### ASSIGNED TASK
Apart from the pictures, every line below is to be set down exactly.

### INFORMATION PROVIDED
....

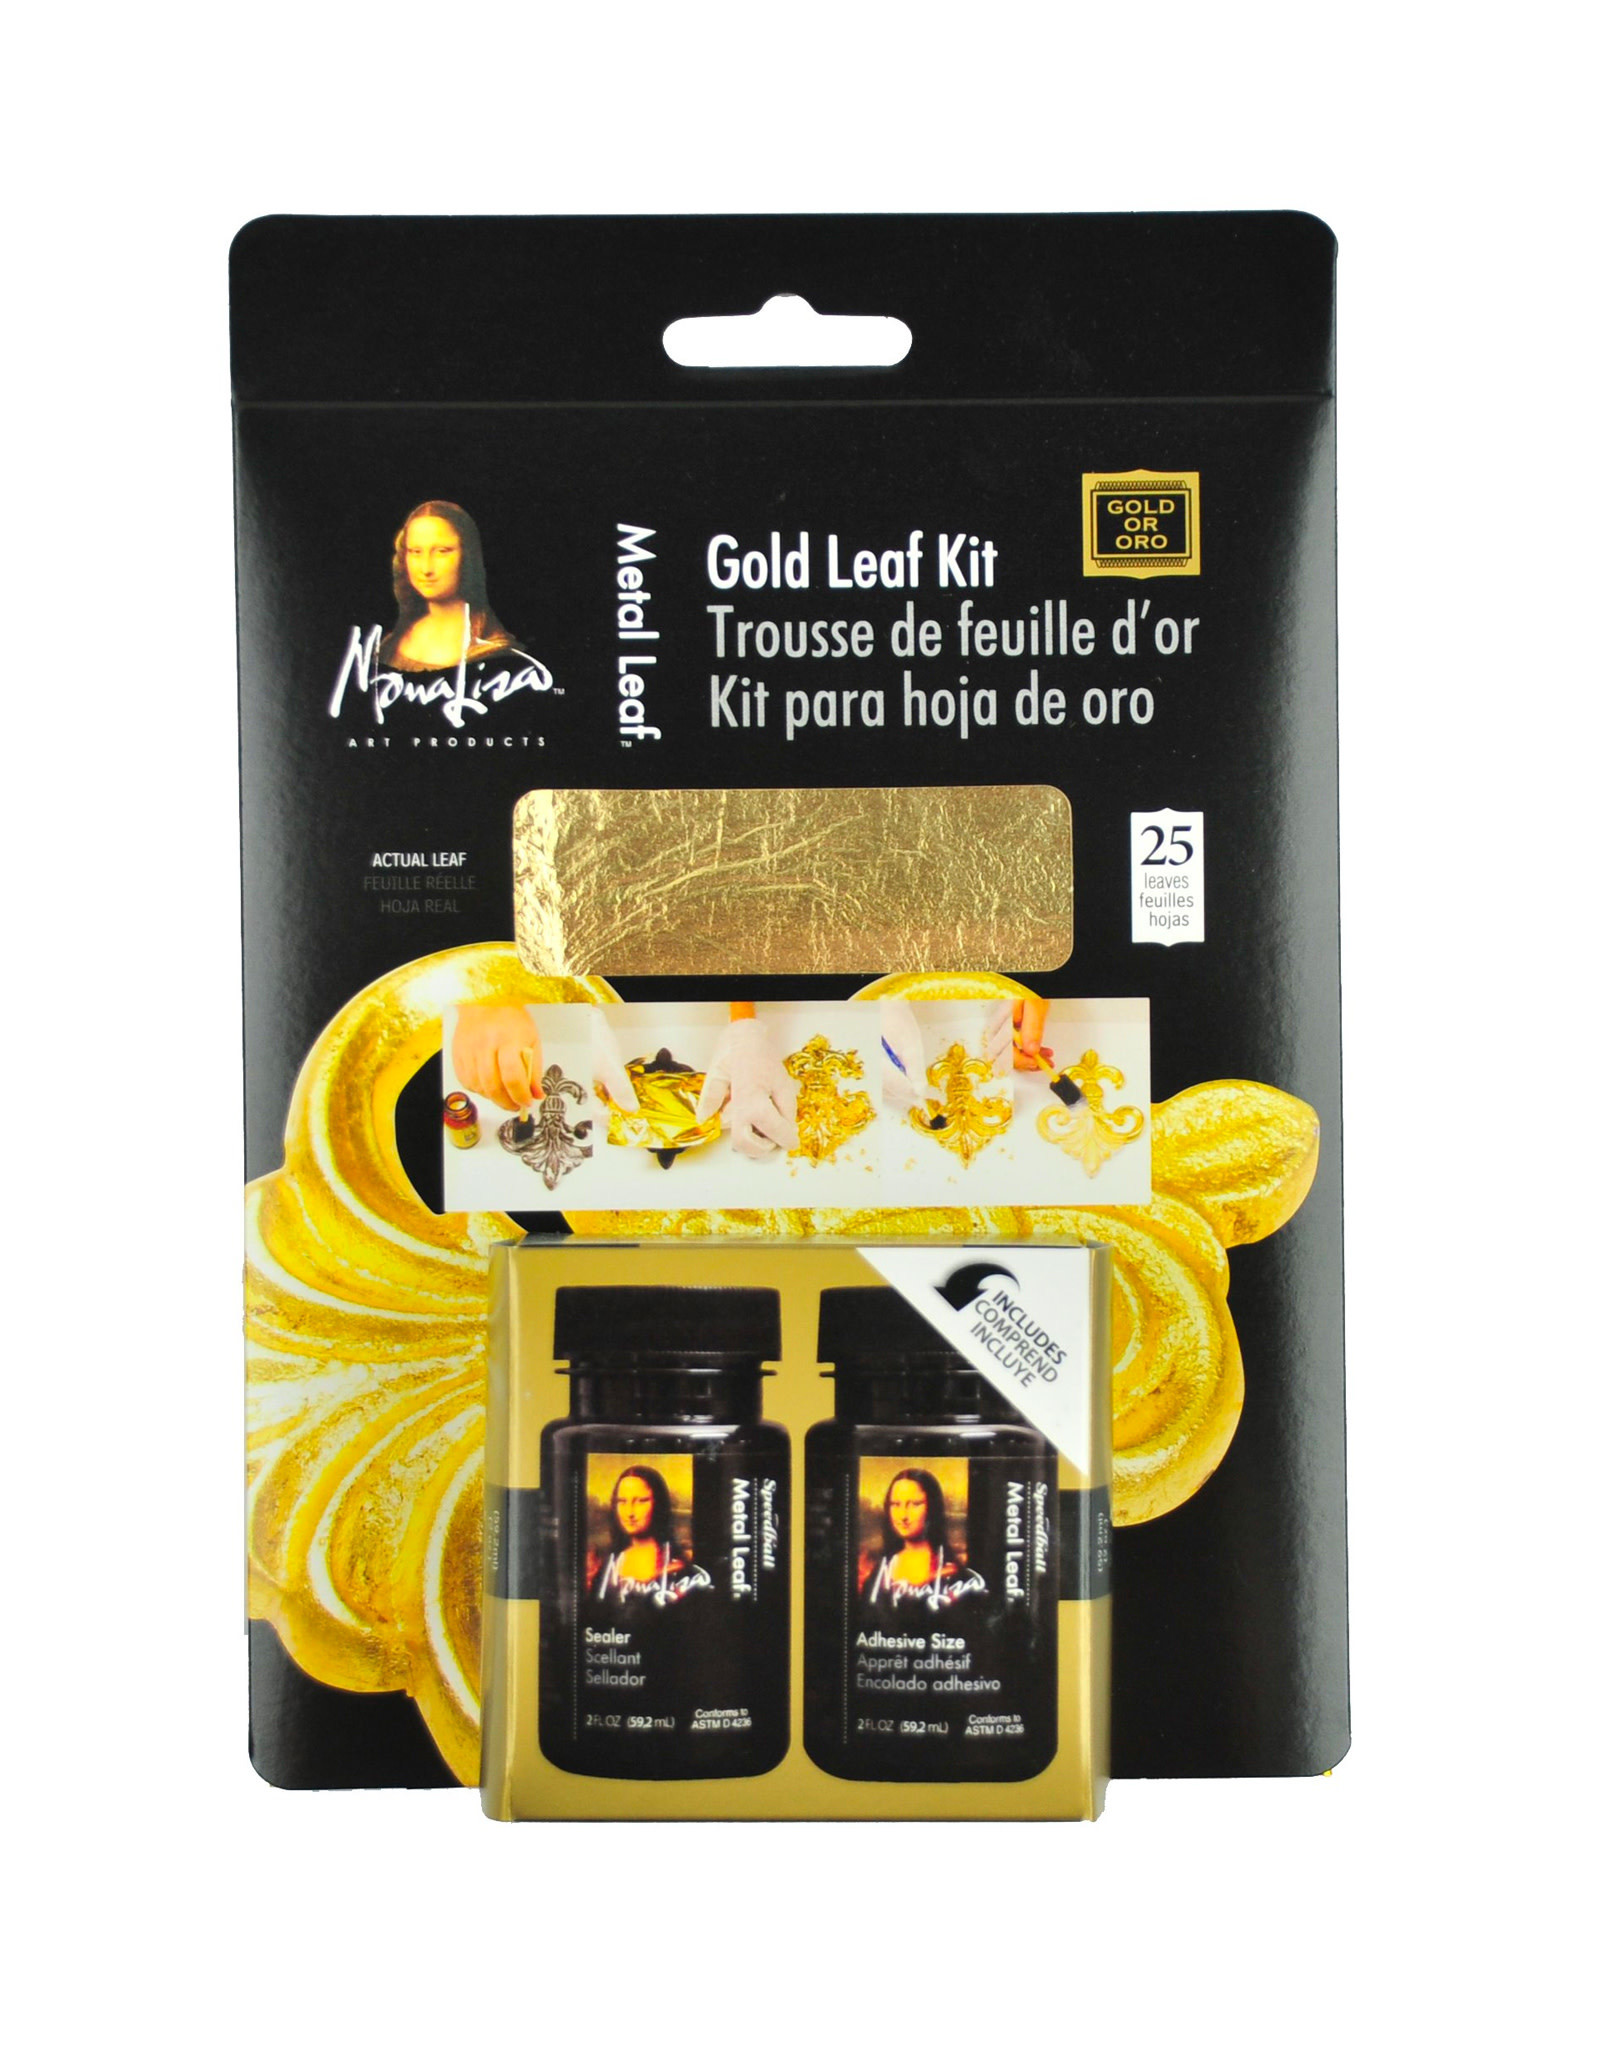 SPEEDBALL ART PRODUCTS Mona Lisa Gold Leaf Kit
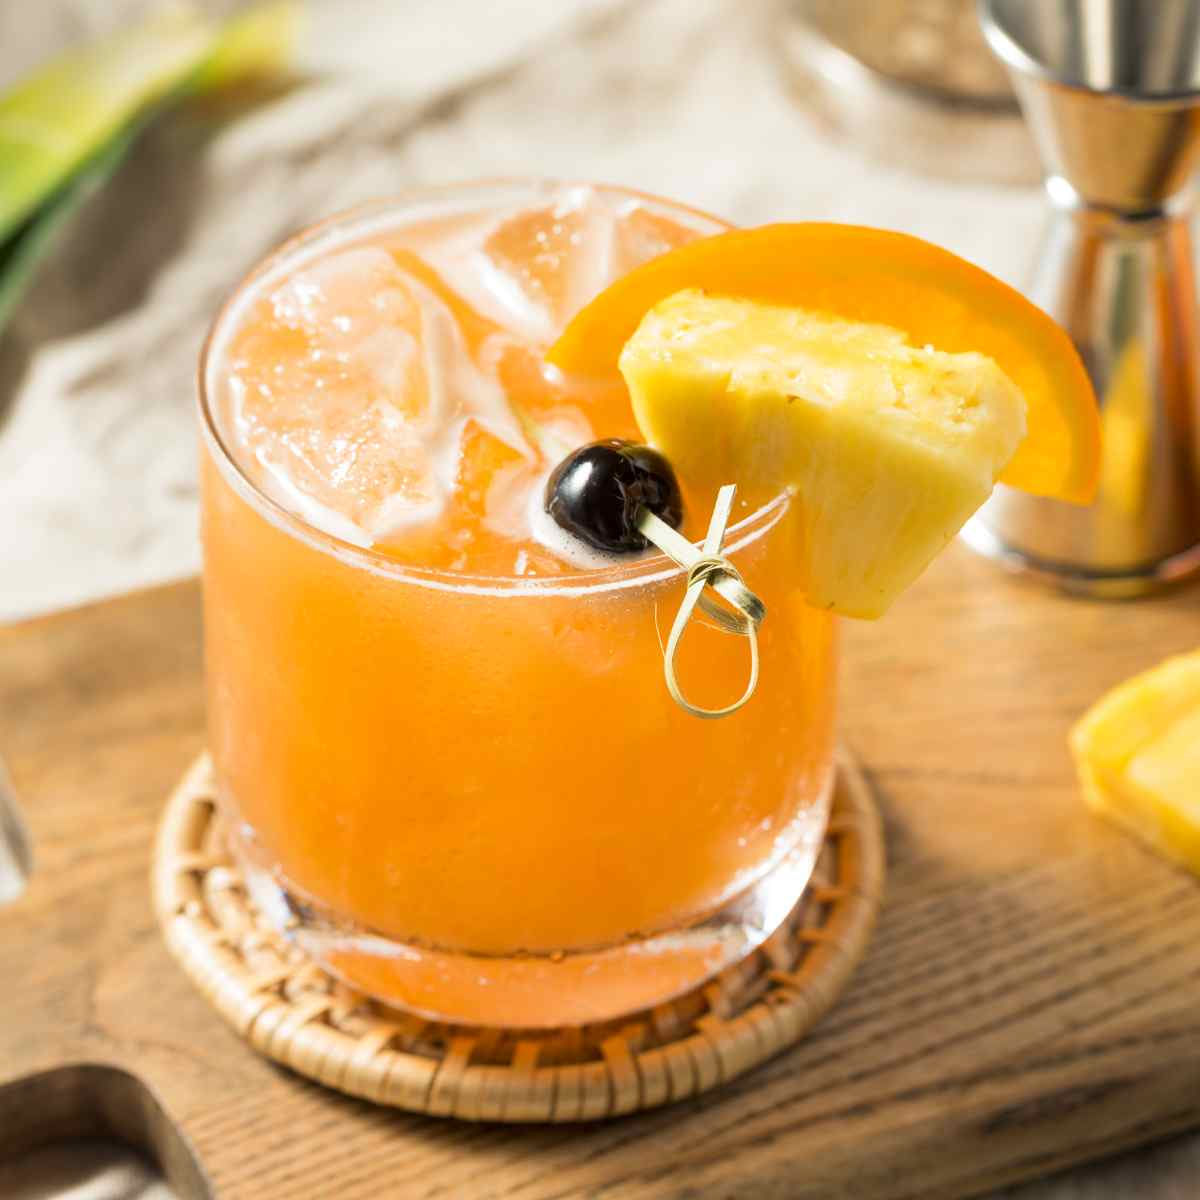 Rum Runner drink on wooden board next to orange
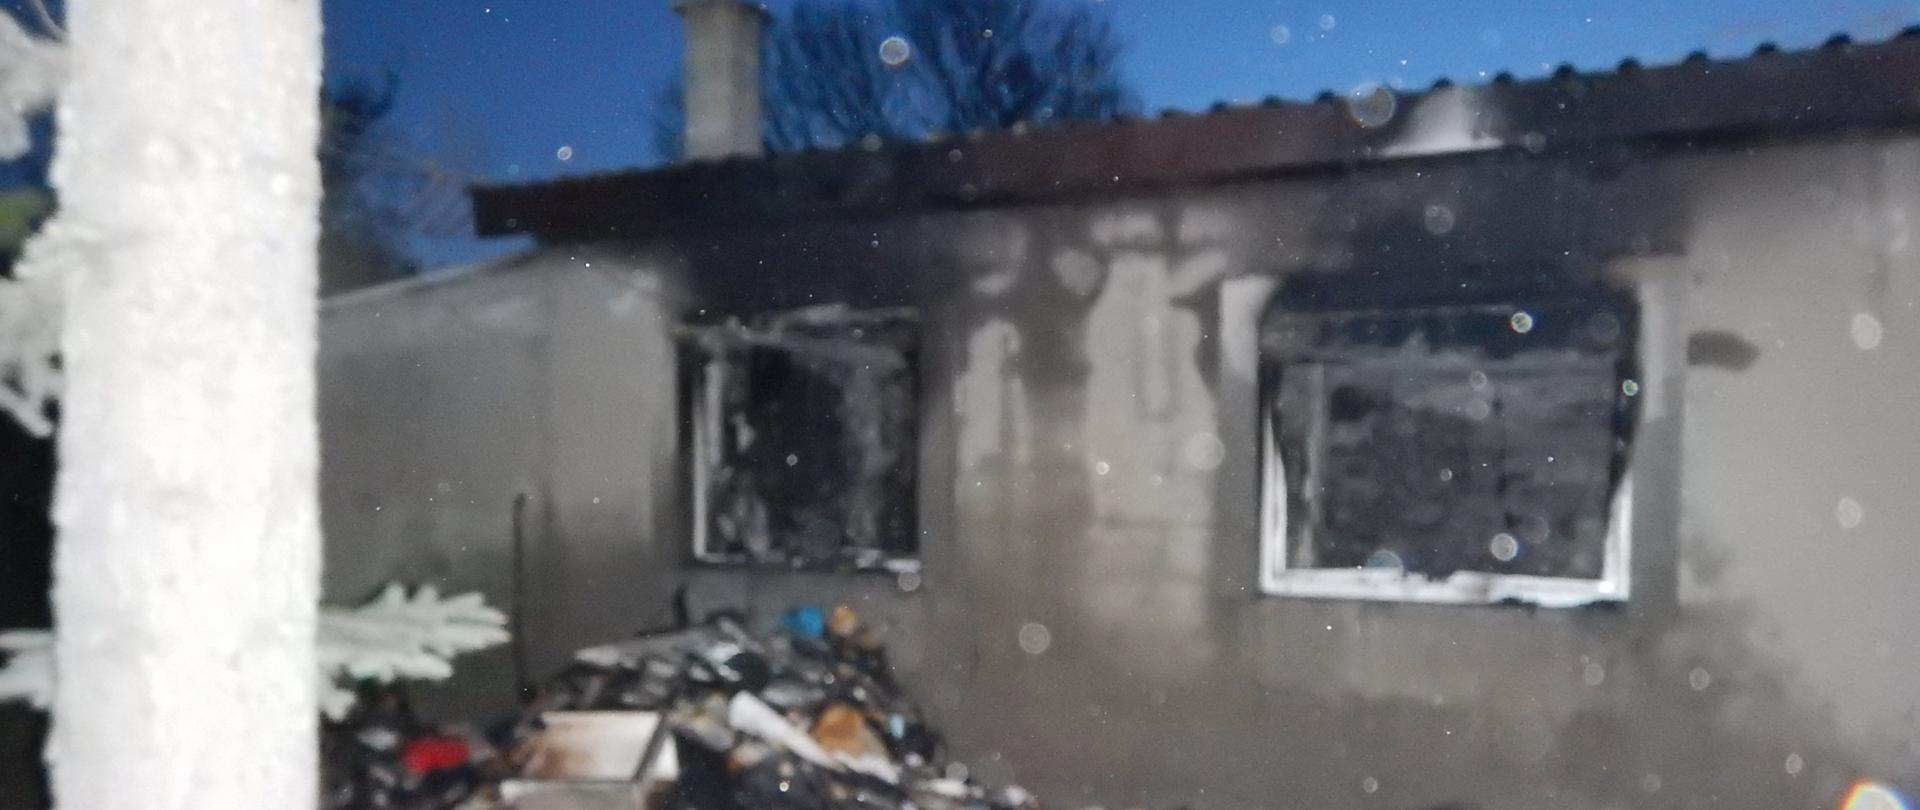 Zdjęcie przedstawia spalony budynek mieszkalny

....

### RESULT OF THE EXERCISE
 SPEEDBALL ART PRODUCTS Mona Lisa Gold Leaf Kit
 Rum Runner drink on wooden board next to orange
 Zdjęcie przedstawia spalony budynek mieszkalny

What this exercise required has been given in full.